Selection of Diet Excuses

  • But the doughnut was calling my name.
  • But it was my birthday, so I had to eat the whole cake.
  • I had to get the bitter taste out of my mouth from eating the so-called dish, so I had an ice cream.
  • If you eat something and no one sees you eat it, it has no calories, especially if you have some slimvox.
  • If you drink a diet soda with a candy bar, the calories in the candy bar are cancelled out by the diet soda.
  • If you fatten up everyone else around you, then you look thinner.
  • Cookie pieces contain no fat — the process of breaking causes fat leakage.
  • Things licked off knives and spoons have no calories if you are in the process of preparing something. Examples are peanut butter on a knife making a sandwich and ice cream on a spoon making a sundae.
  • Only eat things that have been broken into pieces; that way, all the calories fall out.
  • Chocolate is a vegetable. How, you ask? Chocolate is derived from cacao beans. Bean = vegetable. Sugar is derived from either sugar CANE or sugar BEETS. Both are plants, which places them in the vegetable category. Thus, chocolate is a vegetable.

Christmas Downsizing

Today’s global challenges require the North Pole to continue to look for better, more competitive steps. Effective immediately, the following economy measures are to take place in the “Twelve Days of Christmas” subsidiary:

Snowman The partridge will be retained, but the pear tree never turned out to be the cash crop forecasted. It will be replaced by a plastic hanging plant, providing considerable savings in maintenance.

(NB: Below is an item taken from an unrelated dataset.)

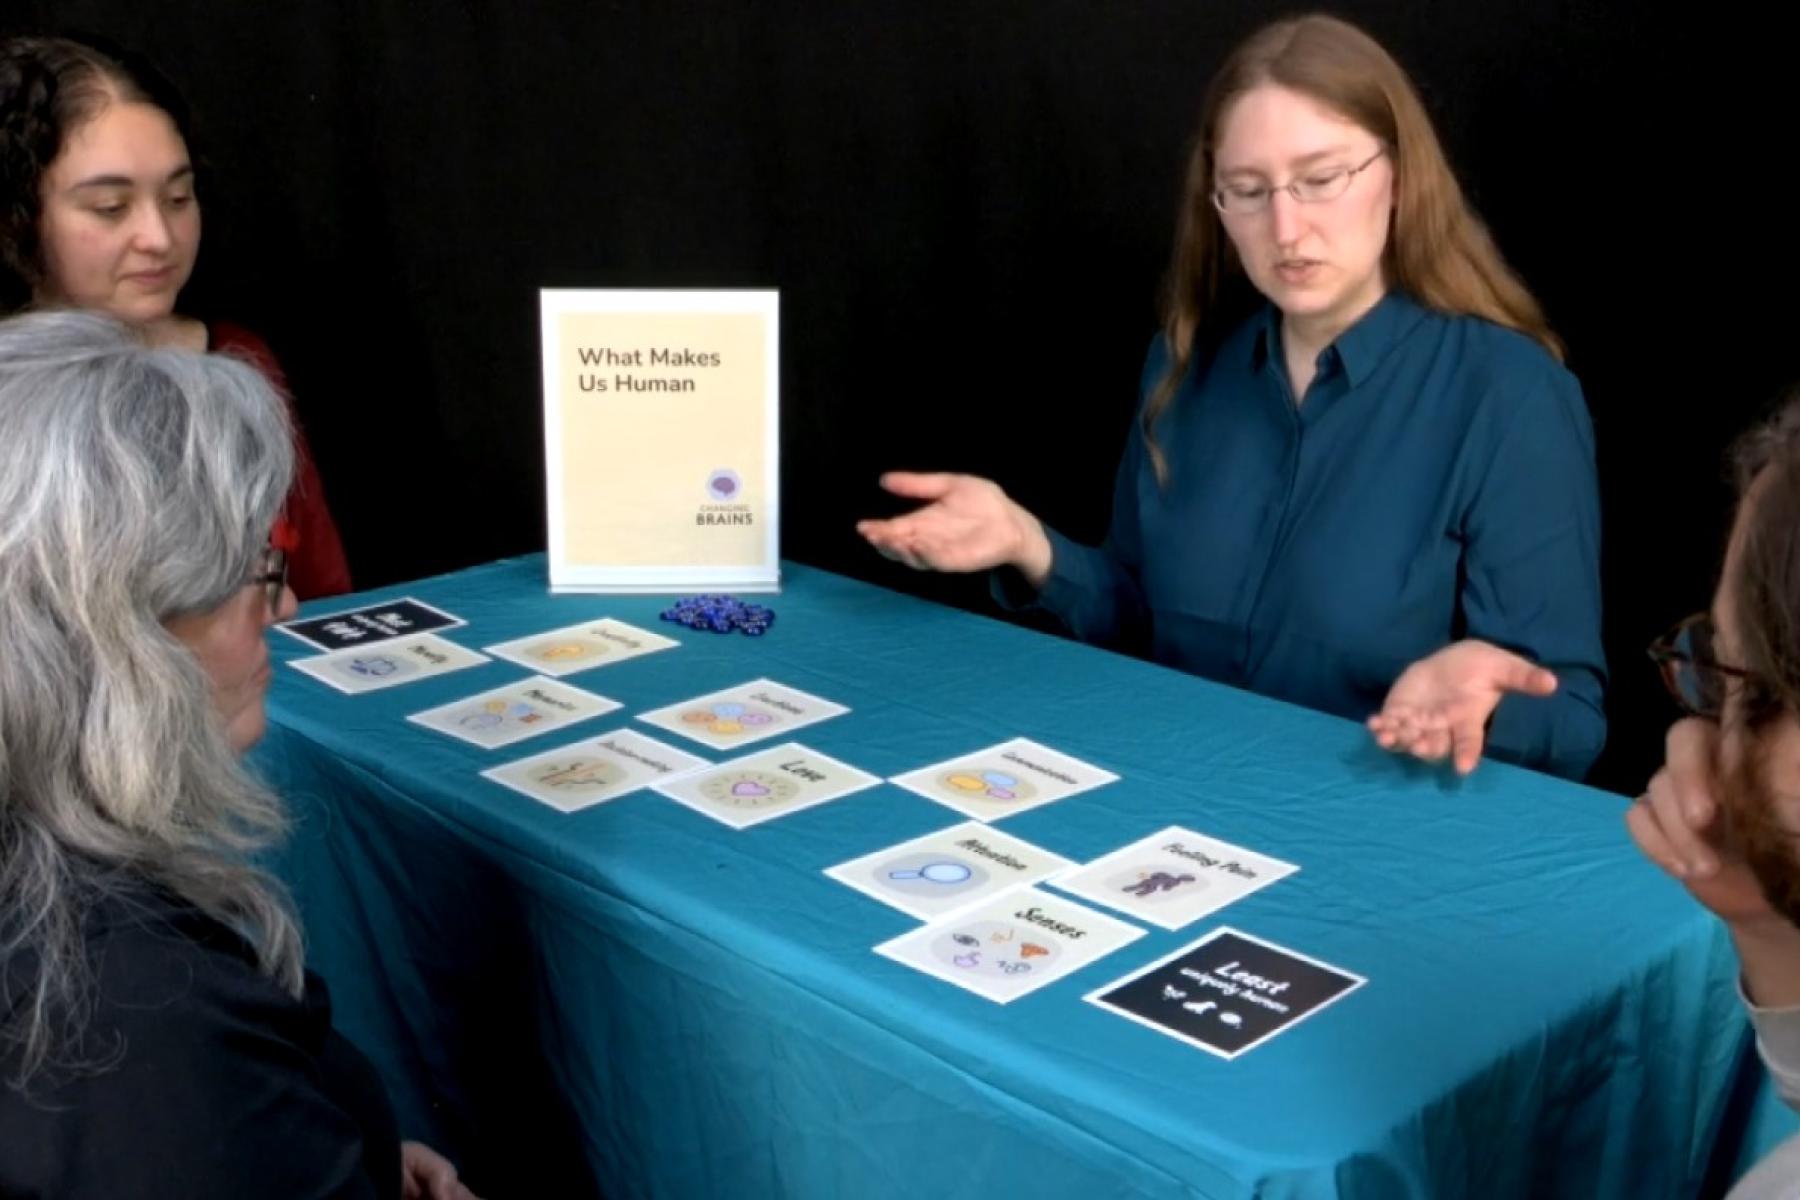 a facilitator gestures to cards on a table while three players look on

The two turtle doves represent a redundancy that is simply not cost effective. In addition, their romance during working hours could not be condoned. The positions are therefore eliminated.

The three French hens will remain intact. After all, everyone loves the French.

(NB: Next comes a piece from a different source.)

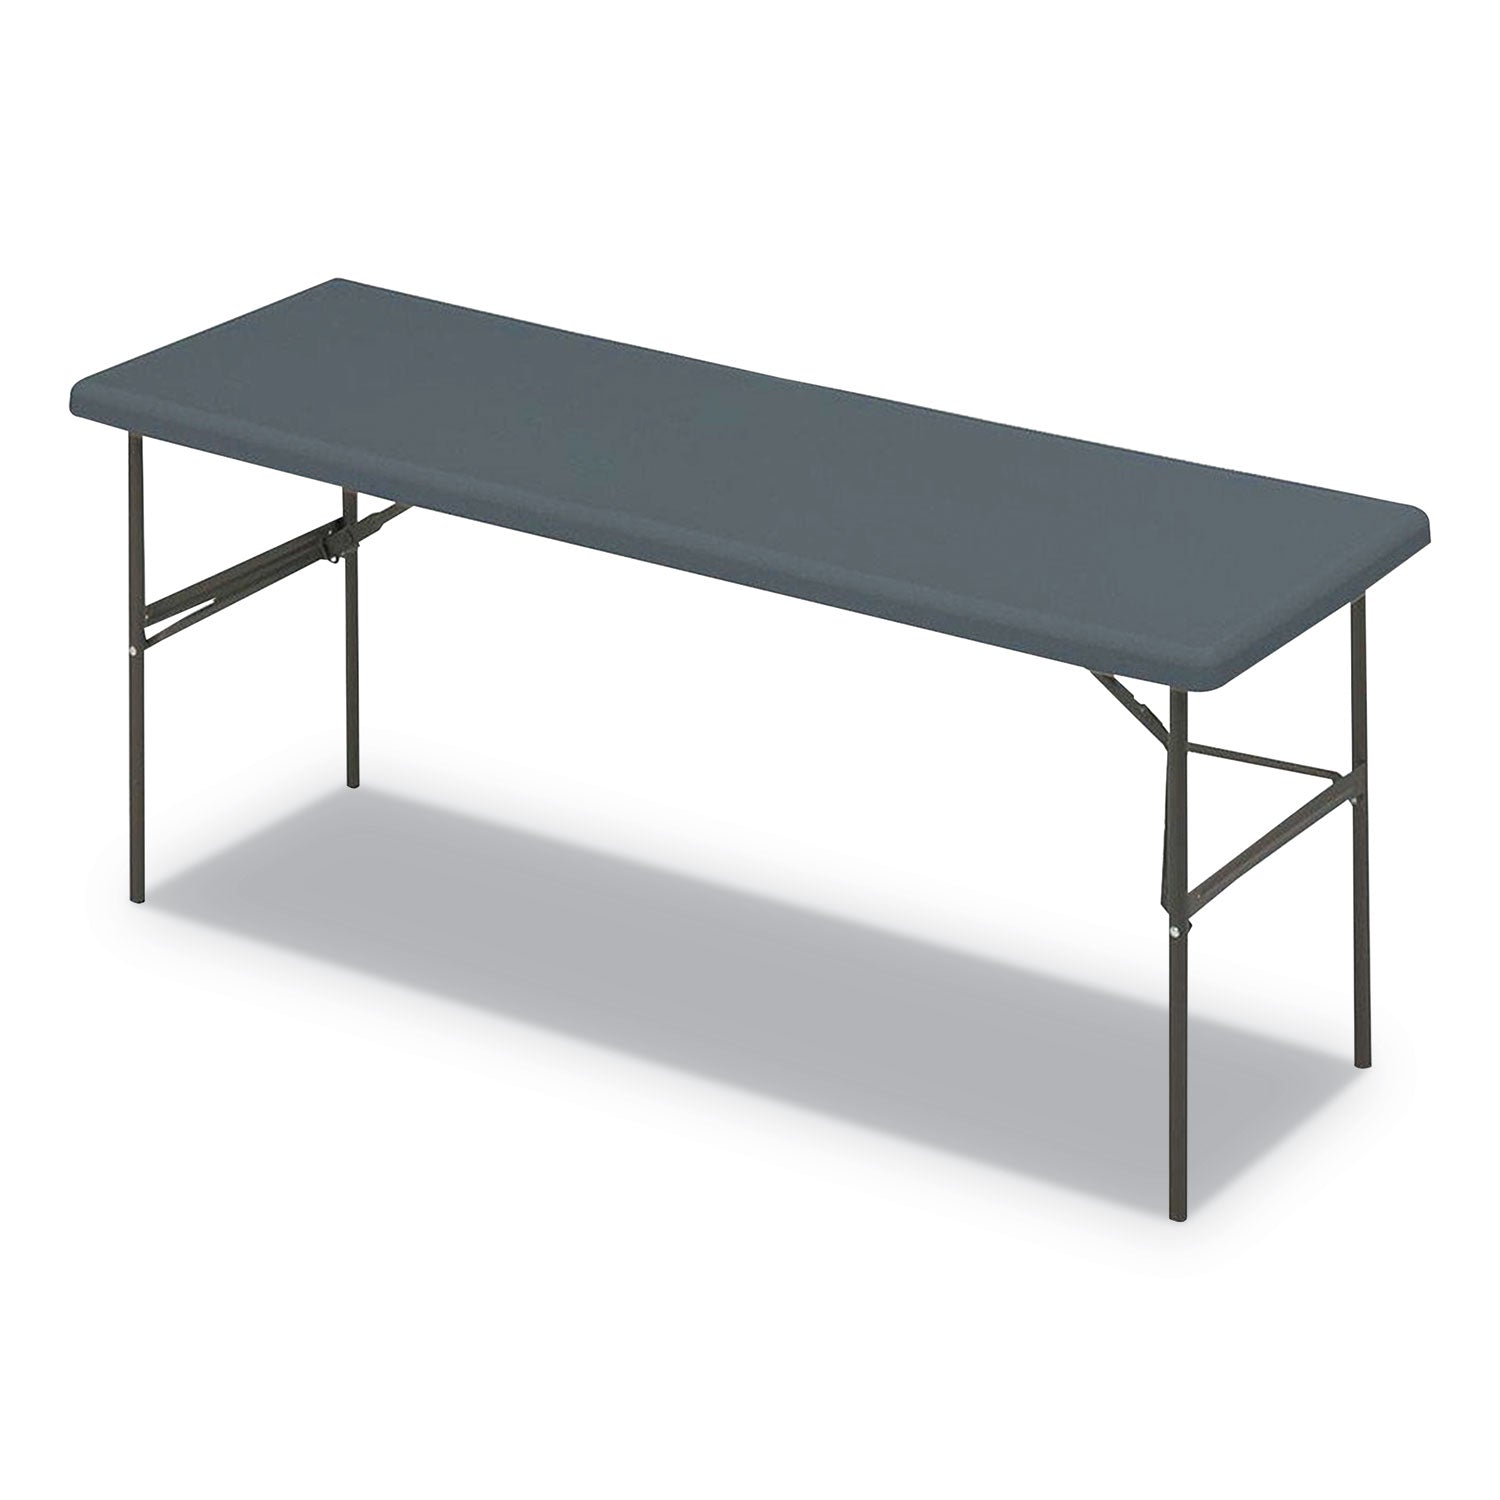 IndestrucTable Classic Folding Table, Rectangular, 72" x 24" x 29", Charcoal -

The four calling birds were replaced by an automated voice mail system, with a call waiting option. An analysis is underway to determine who the birds have been calling, how often and how long they talked.

The five golden rings have been put on hold by the Board of Directors. Maintaining a portfolio based on one commodity could have negative implications for institutional investors. Diversification into other precious metals as well as a mix of T-Bills and high technology stocks appear to be in order.

The six geese-a-laying constitutes a luxury which can no longer be afforded. It has long been felt that the production rate of one egg per goose per day is an example of the decline in productivity. Three geese will be let go, and an upgrading in the selection procedure by personnel will assure management that from now on every goose it gets will be a good one.

The seven swans-a-swimming is obviously a number chosen in better times. Their function is primarily decorative. Mechanical swans are on order. The current swans will be retrained to learn some new strokes and therefore enhance their outplacement.

As you know, the eight maids-a-milking concept has been under heavy scrutiny by the EEOC. A male/female balance in the workforce is being sought. The more militant maids consider this a dead-end job with no upward mobility. Automation of the process may permit the maids to try a-mending, a-mentoring or a-mulching.

Nine ladies dancing has always been an odd number. This function will be phased out as these individuals grow older and can no longer do the steps.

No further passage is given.